Create lighting specification for 3D surface rendering

Source: R/lighting.R
lighting.Rd

Creates a lighting specification object that supports both directional lighting (parallel rays like sunlight) and positional lighting (point light sources with per-face light directions and optional distance falloff), for use with 3D polygon geoms.

Usage

lighting(
  method = "diffuse",
  direction = c(1, 1, 1),
  position = NULL,
  distance_falloff = FALSE,
  quanta = NULL,
  blend = "neither",
  blend_strength = 1,
  blend_mode = "hsv"
)

Arguments

method

Character string specifying lighting model:

  • "diffuse": Atmospheric lighting with soft shadows (includes negative values for subsurface scattering effect)

  • "direct": Direct lighting with hard shadows (surfaces facing away are completely dark)

  • "normal_rgb": Map surface normals to RGB colors

  • "normal_x", "normal_y", "normal_z": Individual surface normal components (with higher positive values indicating a surface faces more directly toward the positive end of a given dimension)

Default is "diffuse".

direction

Numeric vector of length 3 specifying direction in 3D space that light comes from for directional lighting. The default is c(1, 1, 1), giving diagonal lighting from the positive corner. Common examples: c(0, 0, 1) gives overhead lighting, c(1, 0, 0) lights surfaces facing the positive x direction, and c(-1, -1, 0) lights surfaces facing negative x-y edge. At least one value must be non-zero. Values are automatically normalized, so magnitude doesn't matter, only sign and relative magnitude. This argument is ignored if position is provided.

position

Numeric vector of length 3 specifying light source position in data coordinate space for positional lighting. When specified, each face gets its own light direction calculated from the light position to the face center. Mutually exclusive with direction. Default is NULL (use directional lighting).

distance_falloff

Logical indicating whether to apply distance-based intensity falloff for positional lighting using inverse square law (intensity ∝ 1/distance²). Only used when position is specified. Default is FALSE.

quanta

Integer number of discrete quantization levels, or NULL for continuous lighting. When specified, continuous lighting values are binned into this many discrete levels:

  • For "diffuse": Creates equal-width bins across -1, 1 range

  • For "direct": Creates one bin for negative values, and (quanta-1) bins across 0, 1 range

Default is NULL (continuous lighting).

blend

Character string specifying which color aesthetics to blend with lighting. Options: "neither" (no blending), "fill" (blend fill colors only), "color"/"colour" (blend border colors only), or "both" (blend both fill and border). Default is "neither".

blend_strength

Numeric value in the range 0–1 controlling the intensity of lighting blending. 1.0 gives full black-to-white range, 0.5 gives subtle lighting effects. Only used when blend is not "neither". Default is 1.0.

blend_mode

Character string specifying color blending mode when blend is not "neither":

  • "hsv": Modifies HSV value component (fades to bright colors at high end, black at low end)

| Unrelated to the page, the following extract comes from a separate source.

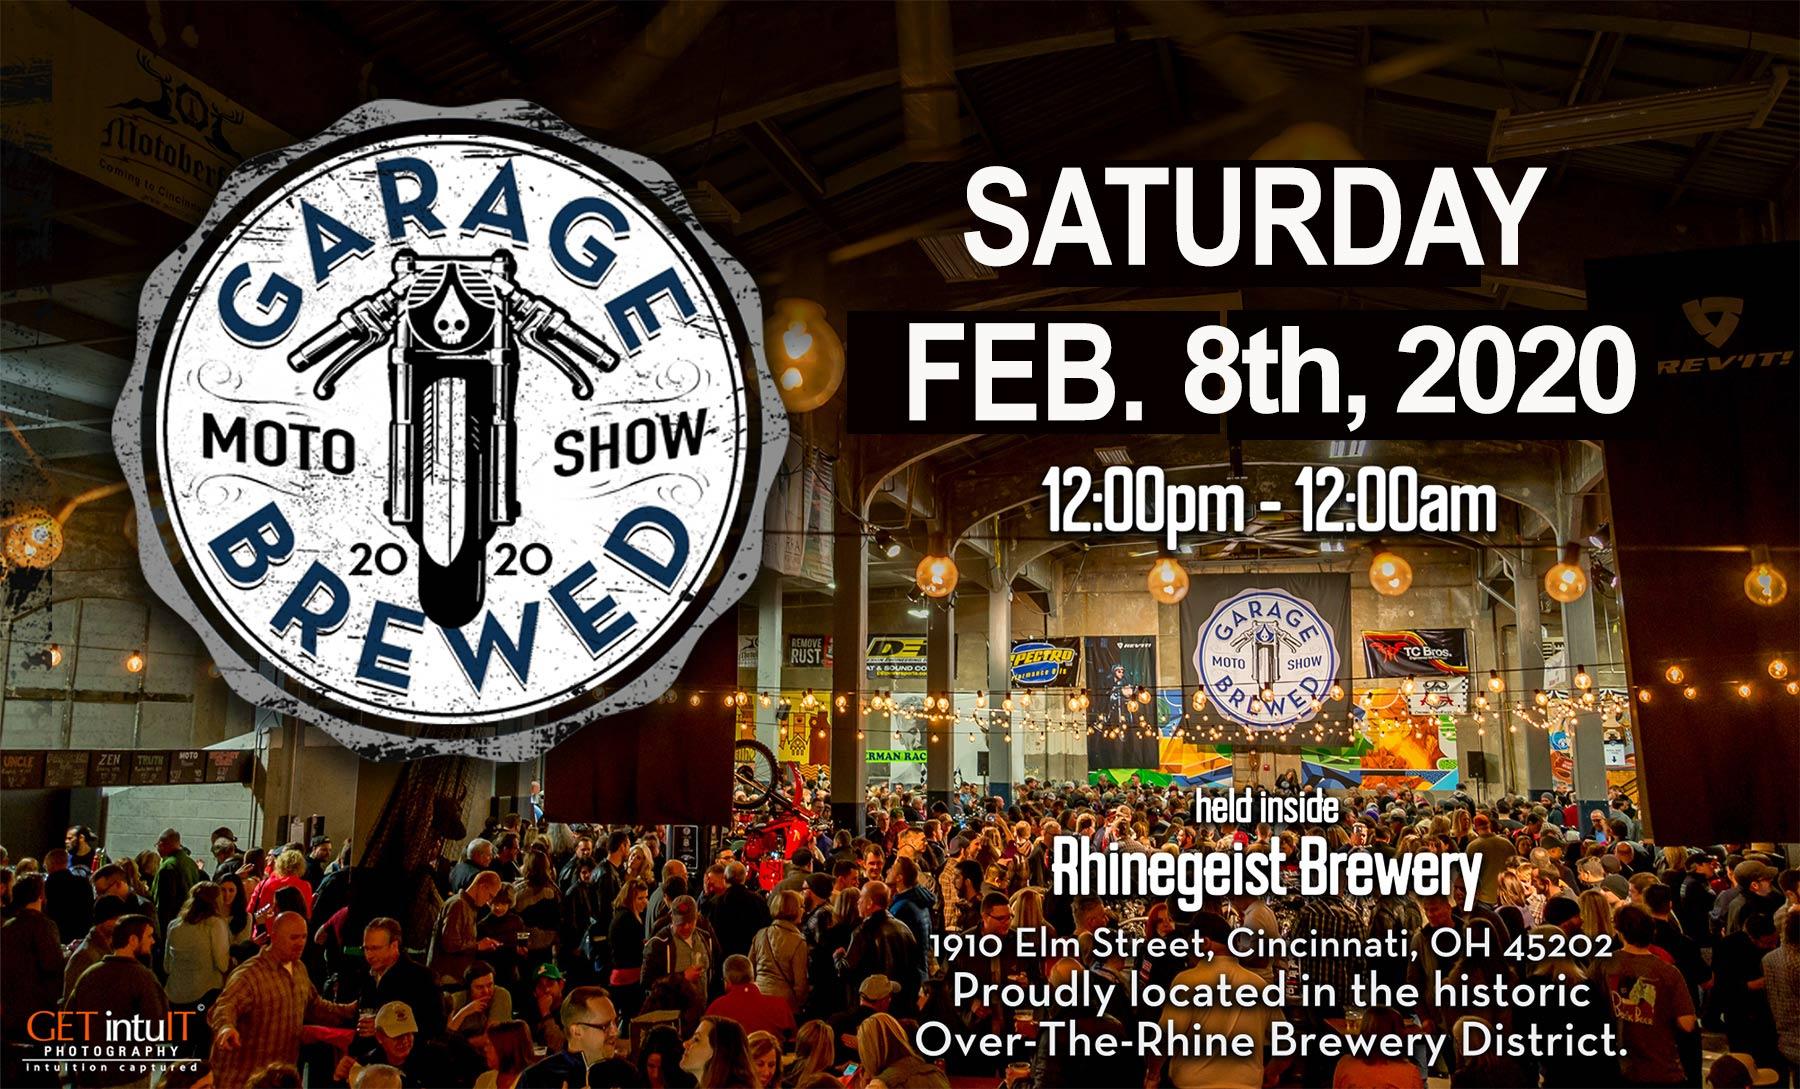 Saturday Feb 8th 2020

  • "hsl": Modifies HSL lightness component (fades to white at high end, black at low end)

Default is "hsv".

Value

A lighting object that can be passed to 3D surface stats.

Details

There are two approaches for adding lighting to a plot. The first is to use blending. This lets you add light and shadow effects while also specifying fill/color arguments or aesthatics through standard ggplot2 methods. Blending alters these colors by brightening and darkening them.

The second approach is to use the computed light variable directly in your aesthetic mapping, such as aes(fill = after_stat(light)). This gives more control over you map lighting values onto color scales, but can't be mixed with other sources of color info.

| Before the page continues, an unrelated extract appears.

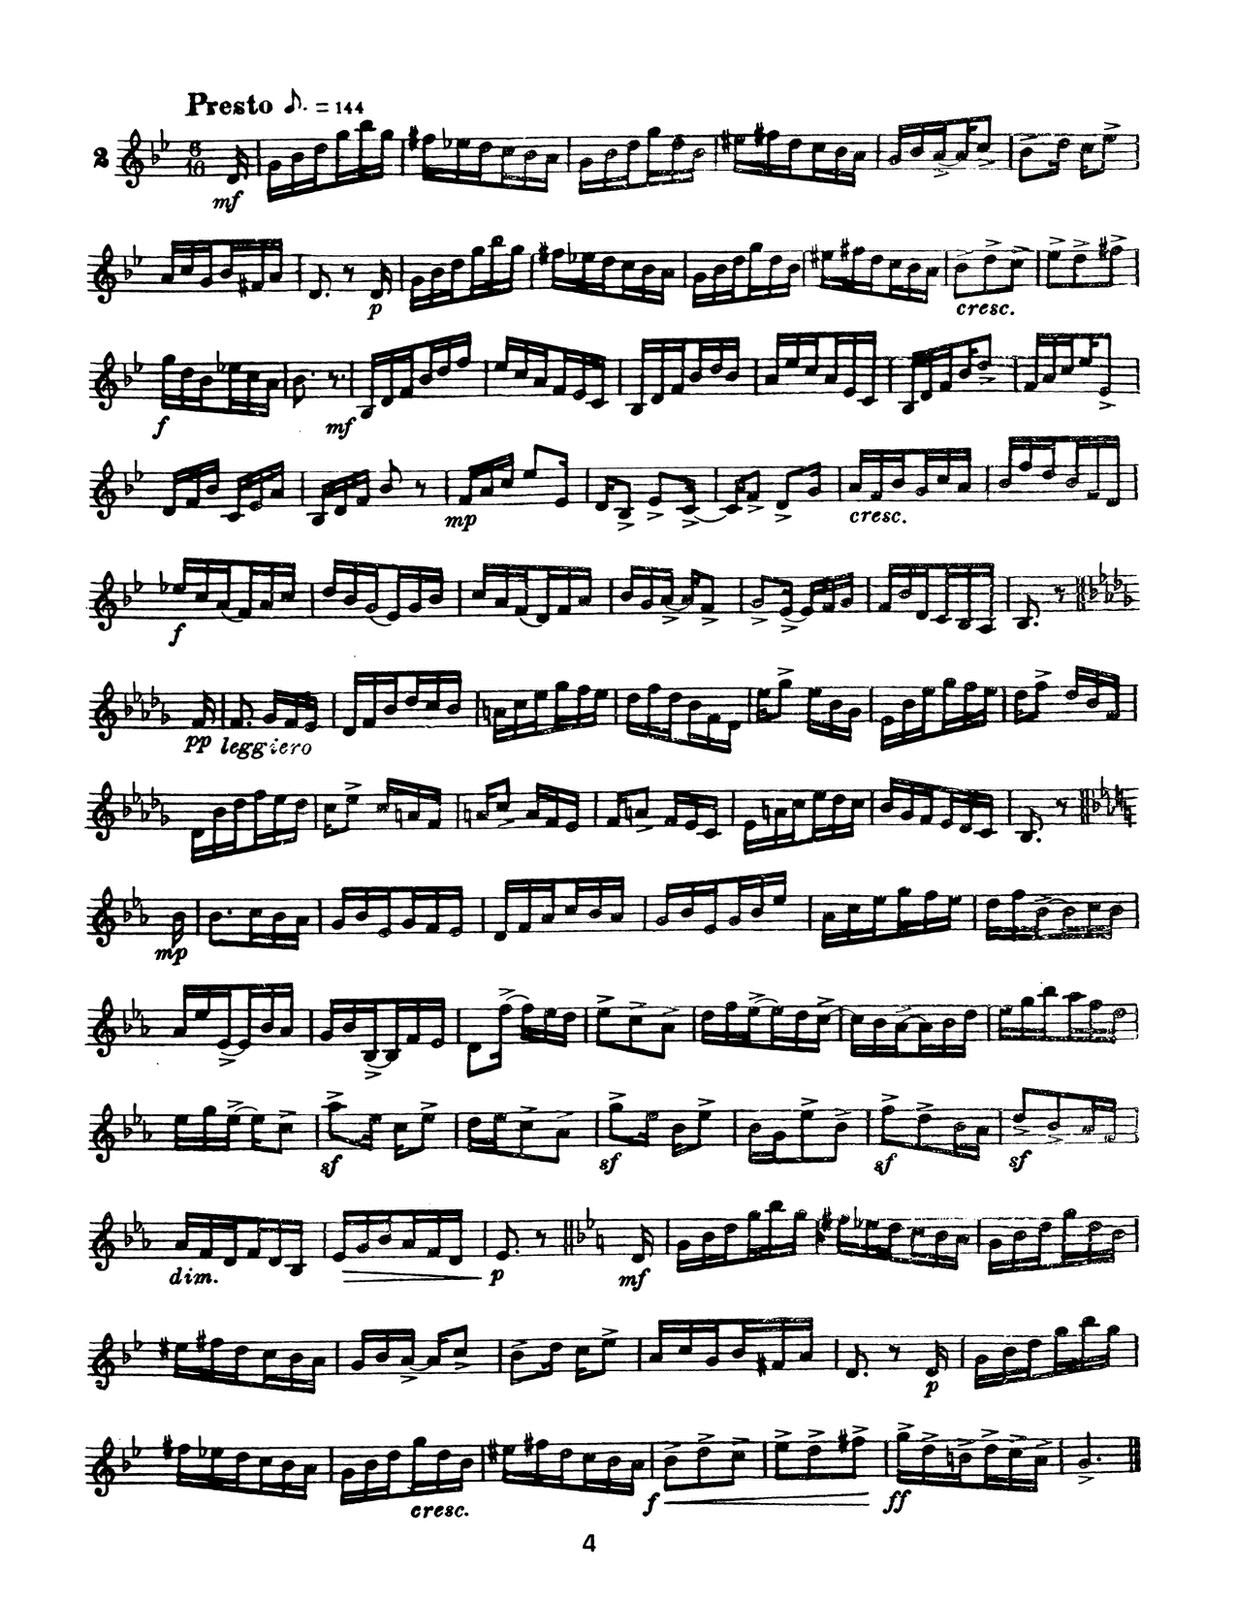 Mancini Rhythm in Technique Letter 4

It is also possible to combine these two approaches. For example, using blend = "fill", after_stat(light), and scale_fill_viridis_c() will produce a higher-contrast version of the viridis palette (though the guide will not reflect the blending component).

See also

stat_surface_3d, stat_voxel_3d, stat_pillar_3d

Examples

library(ggplot2)

p <- ggplot(mountain, aes(x, y, z)) +
  coord_3d(pitch = 0, roll = 120, yaw = 200,
           scales = "fixed", ratio = c(1, 1.5, .01)) +
  scale_fill_viridis_c() + scale_color_viridis_c()

p + stat_surface_3d(aes(fill = after_stat(light)),
  light = lighting("diffuse", direction = c(-1, 0, 1)))